Tag Cloud of the following article

created at TagCrowd.com

Birds are singing, the sun is shining and I am joyful first thing in the morning without caffeine. Why you ask? Because it is Word of the Year time (or WOTY as we refer to it around the office). Every year the New Oxford American Dictionary prepares for the holidays by making its biggest announcement of the year. This announcement is usually applauded by some and derided by others and the ongoing conversation it sparks is always a lot of fun, so I encourage you to let us know what you think in the comments.

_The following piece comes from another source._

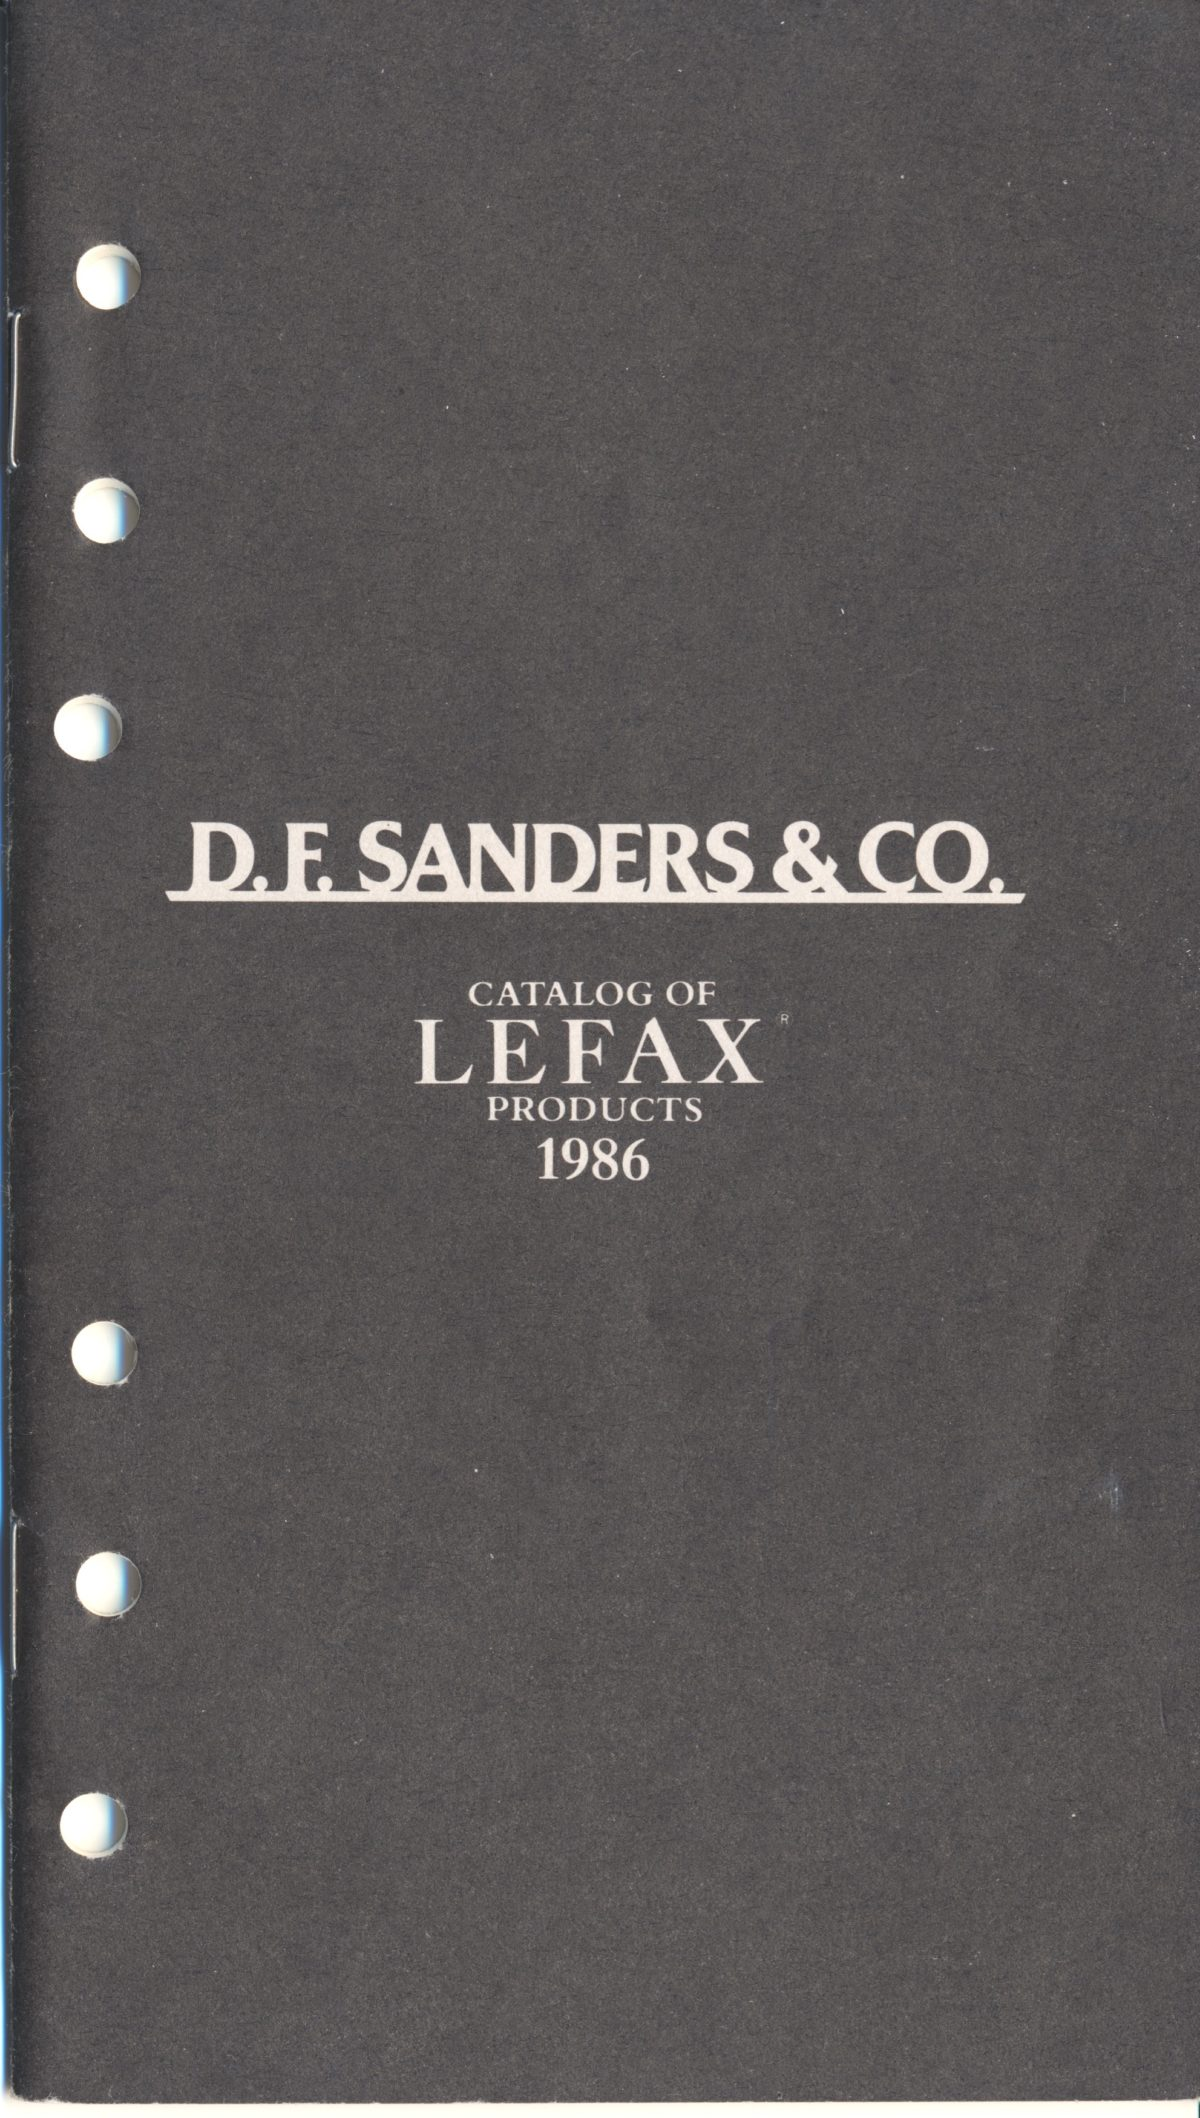 D.F. Sanders & Co – Lefax 1986

Without further ado, the 2009 Word of the Year is: unfriend.

unfriend – verb – To remove someone as a ‘friend’ on a social networking site such as Facebook.

As in, “I decided to unfriend my roommate on Facebook after we had a fight.”

“It has both currency and potential longevity,” notes Christine Lindberg, Senior Lexicographer for Oxford’s US dictionary program. “In the online social networking context, its meaning is understood, so its adoption as a modern verb form makes this an interesting choice for Word of the Year. Most “un-” prefixed words are adjectives (unacceptable, unpleasant), and there are certainly some familiar “un-” verbs (uncap, unpack), but “unfriend” is different from the norm. It assumes a verb sense of “friend” that is really not used (at least not since maybe the 17th century!). Unfriend has real lex-appeal.”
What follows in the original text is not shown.